--- The data ---
******

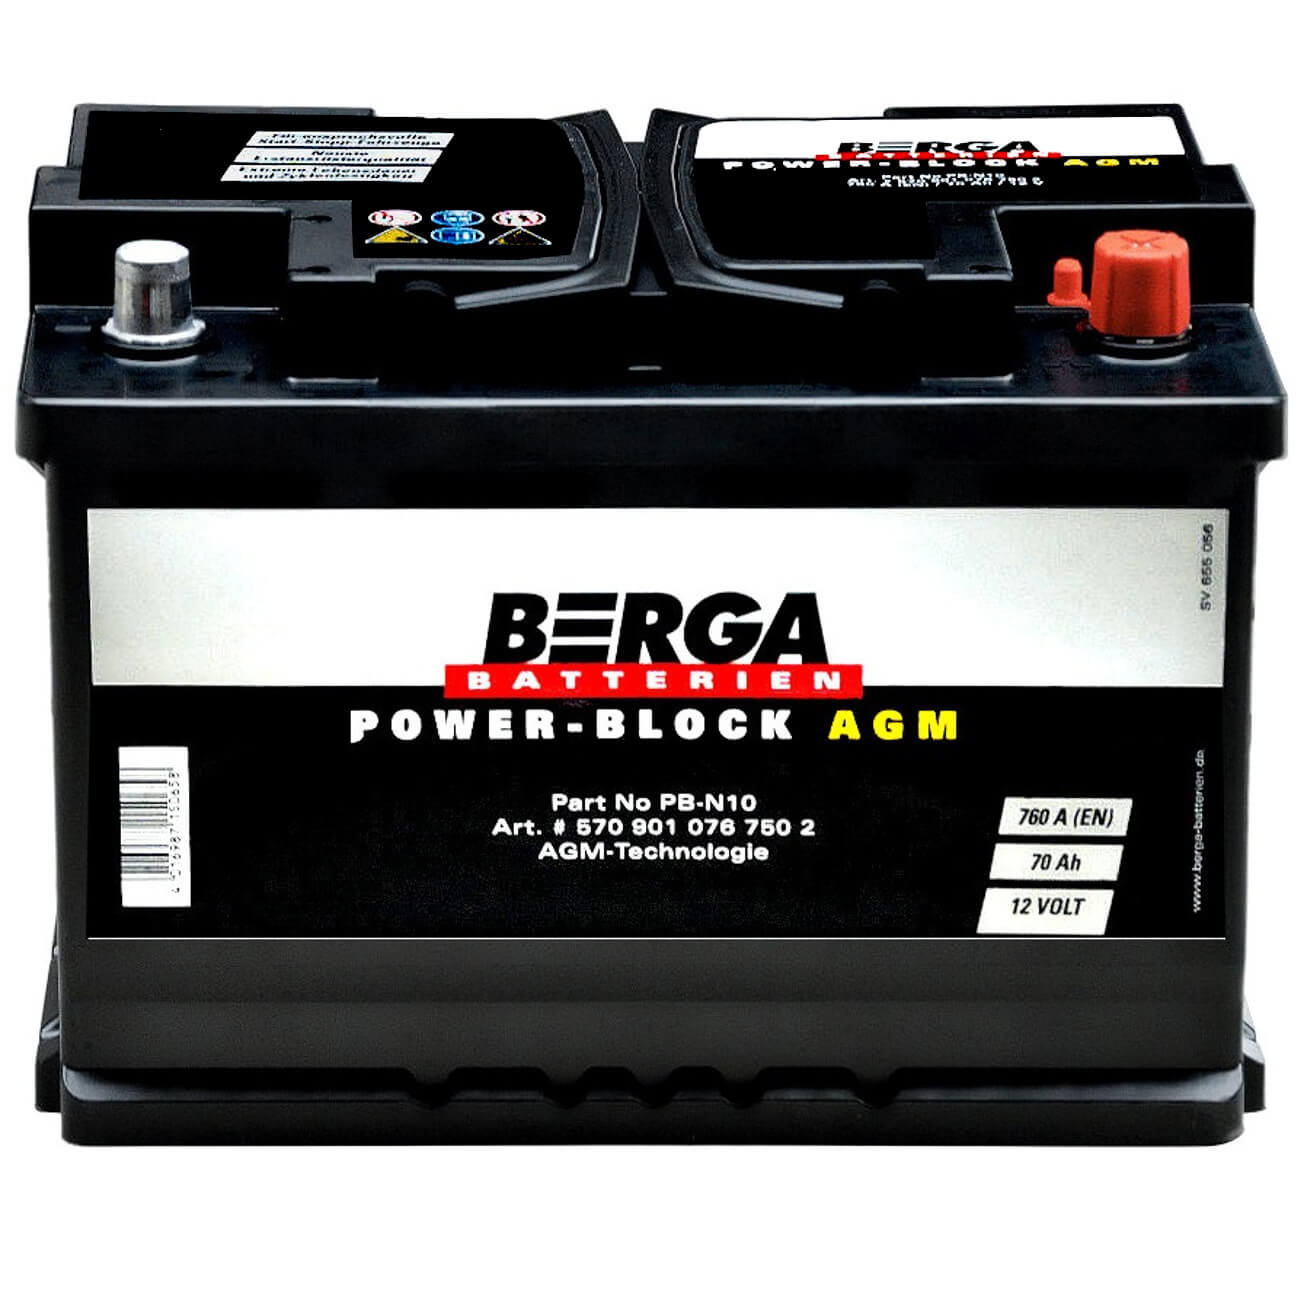 BERGA POWER-BLOCK AGM 12V 70Ah 760A/EN
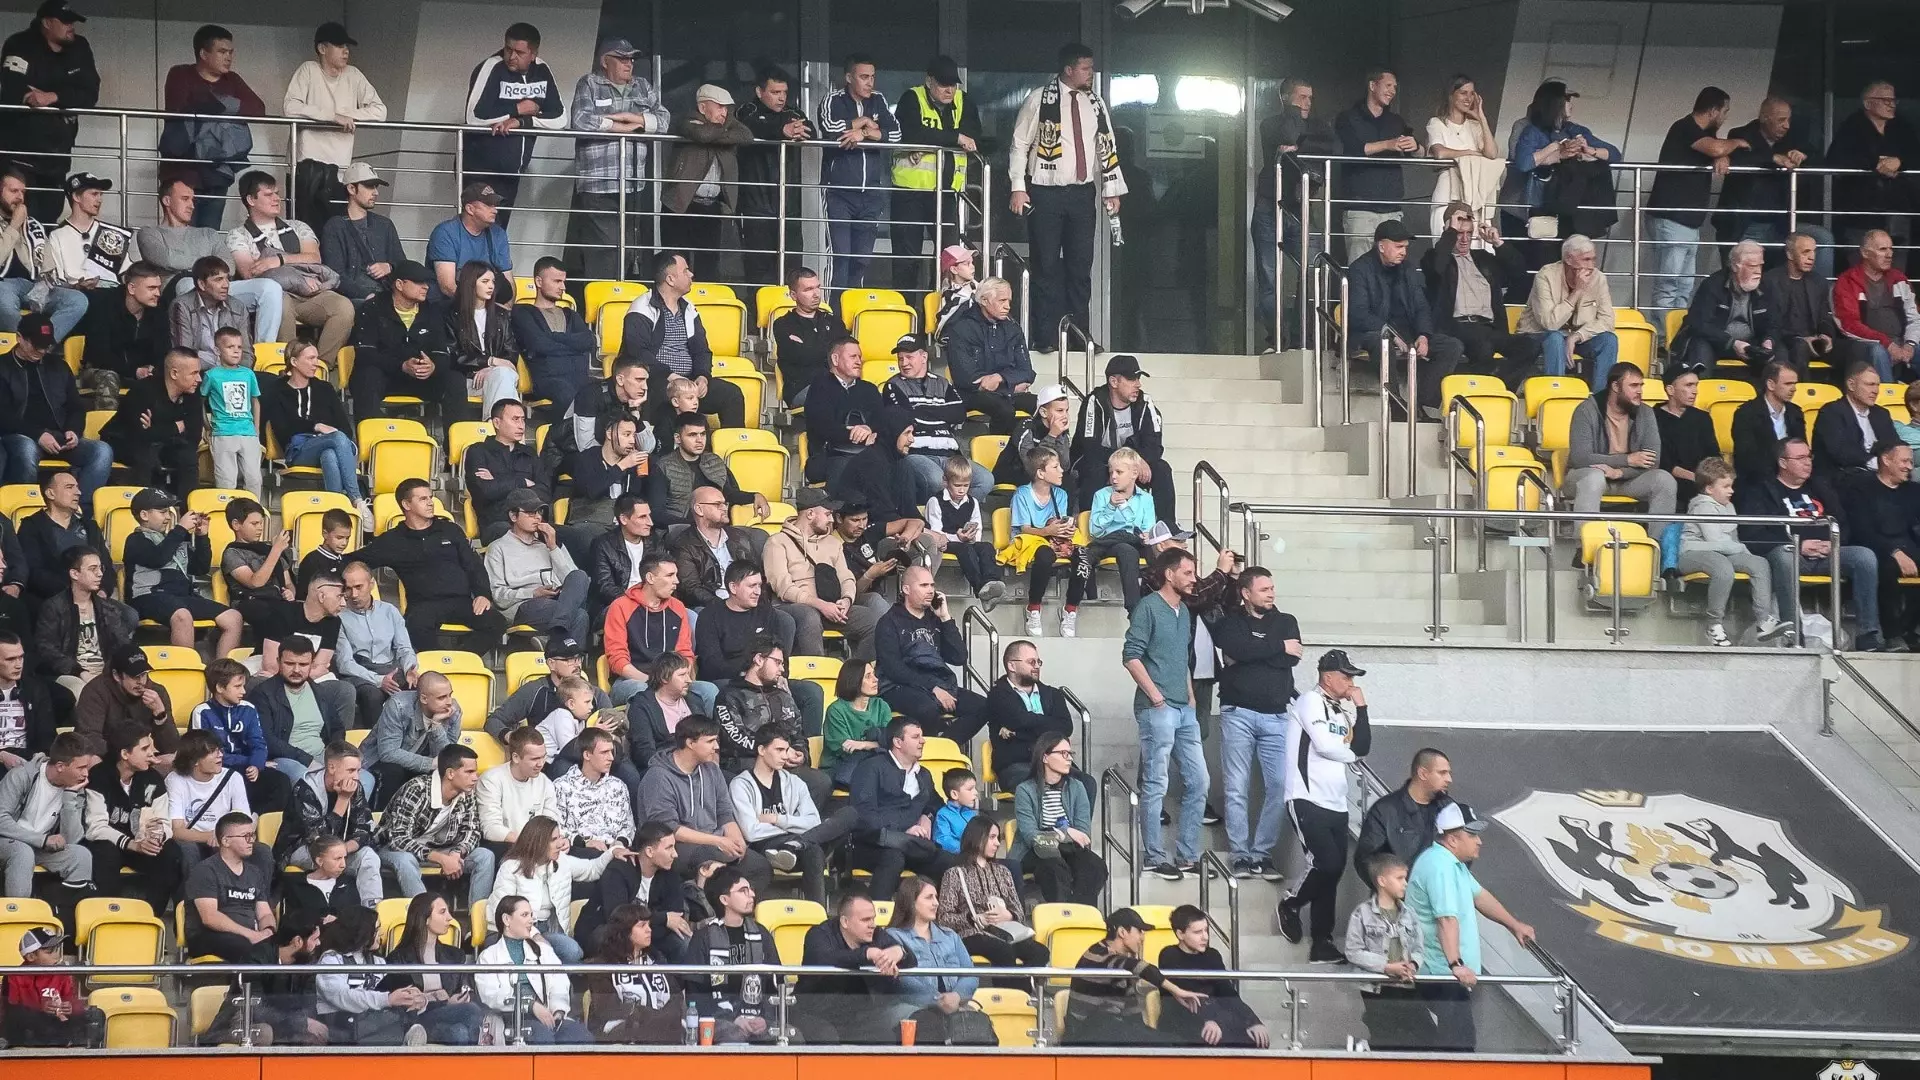 На матч с ФК "Родина" в Тюмени собралось 3500 зрителей.
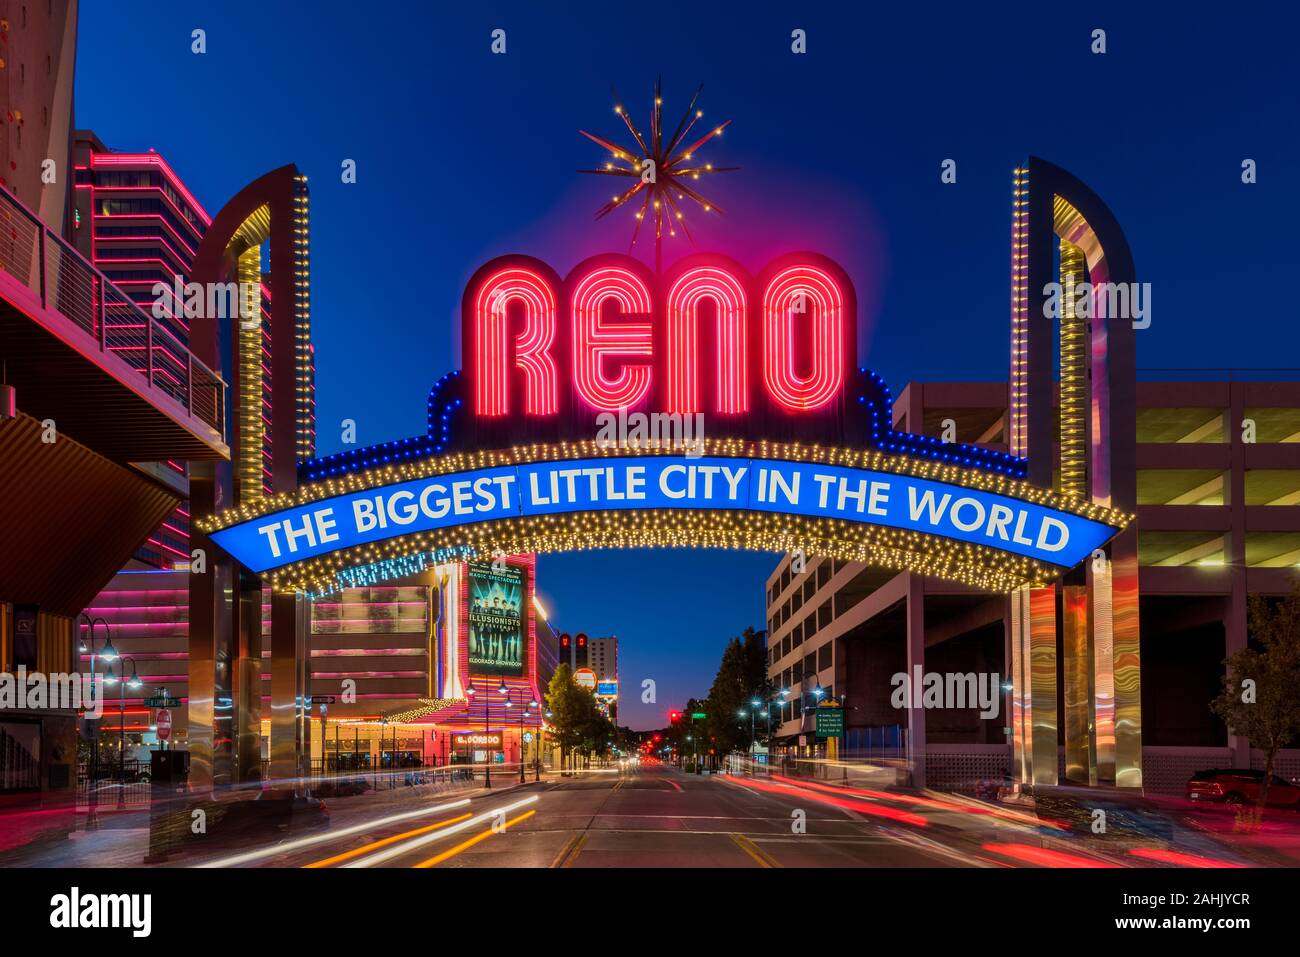 Signo de arco de reno en Reno, Nevada, EE.UU. al anochecer. Reno es la segunda ciudad más grande de Nevada y famosa por sus casinos y entretenimiento. Foto de stock
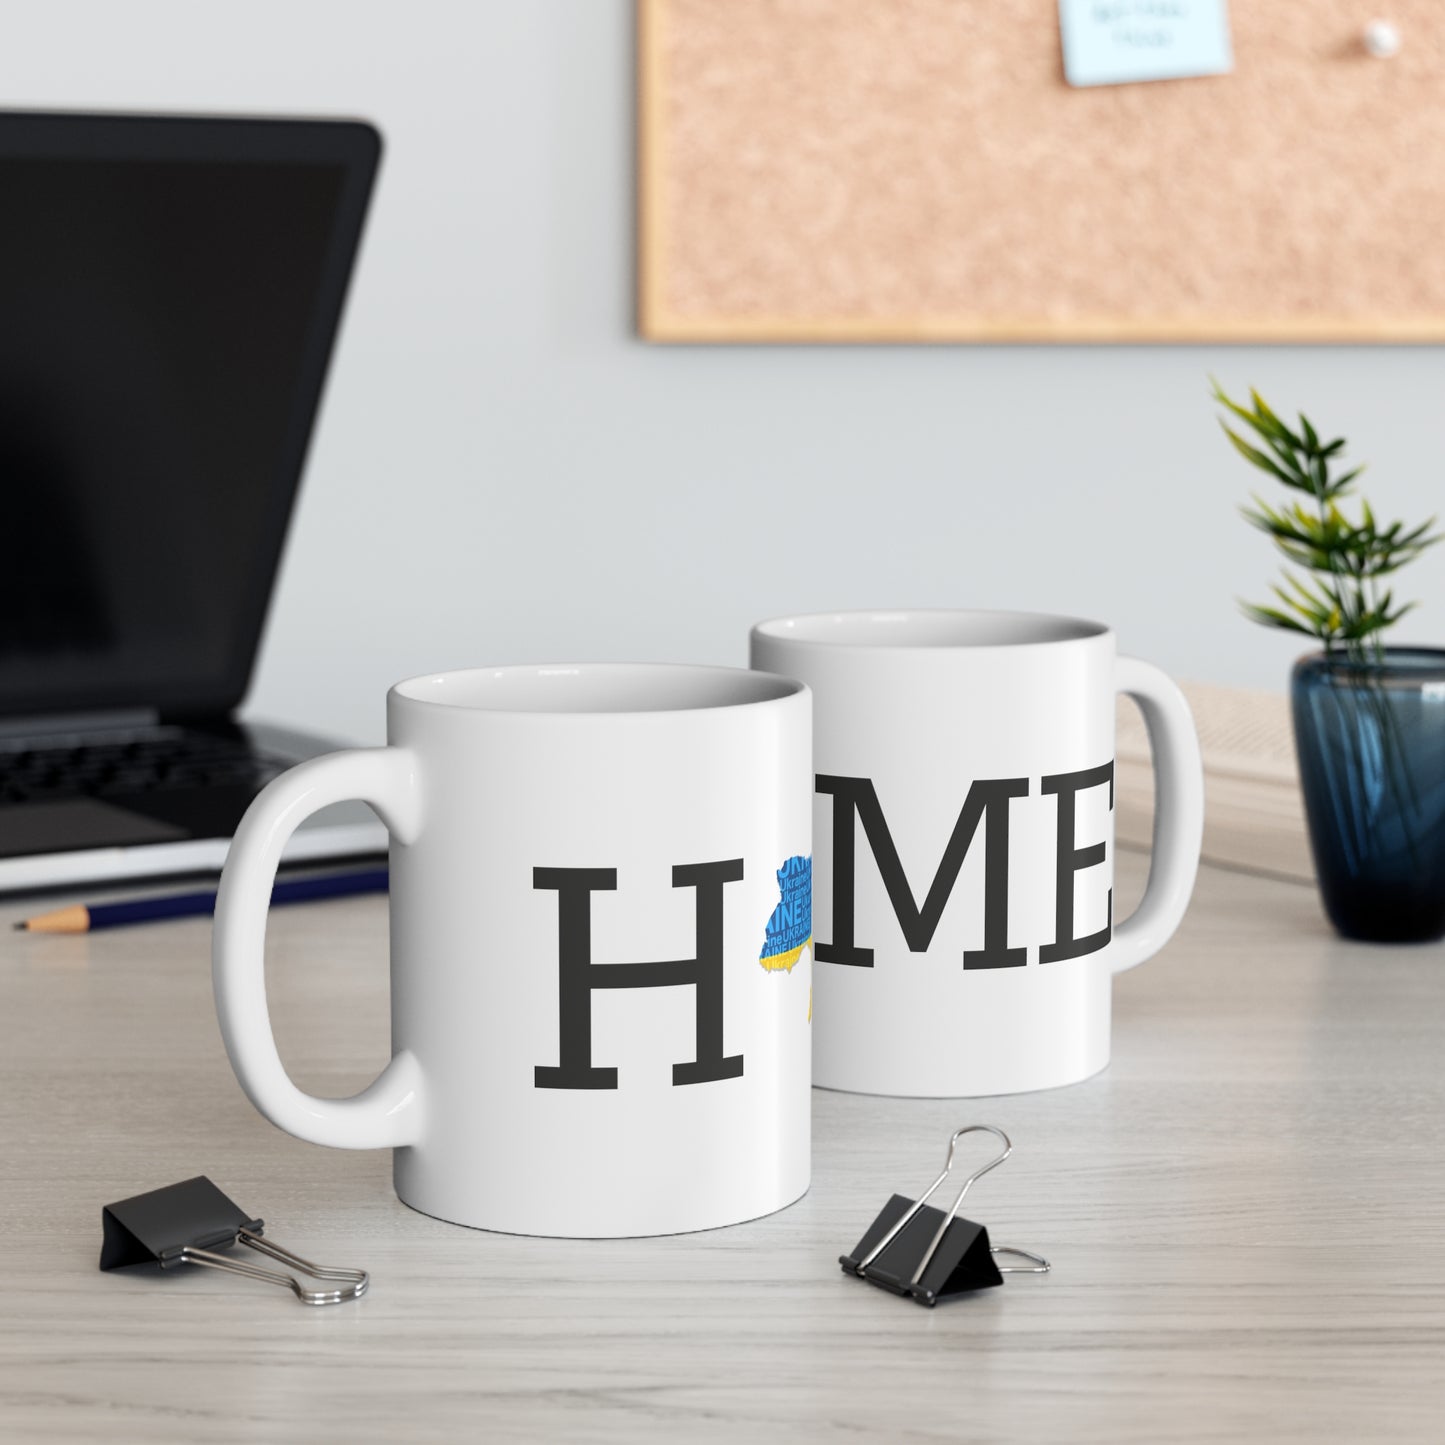 HOME Ceramic Mug 11oz

******

--- About this task ---
Repeat the material above exactly; any picture in it is left out.

--- Exercise result ---
 BERGA POWER-BLOCK AGM 12V 70Ah 760A/EN
 На матч с ФК "Родина" в Тюмени собралось 3500 зрителей.
 Signo de arco de reno en Reno, Nevada, EE.UU. al anochecer. Reno es la segunda ciudad más grande de Nevada y famosa por sus casinos y entretenimiento. Foto de stock
 HOME Ceramic Mug 11oz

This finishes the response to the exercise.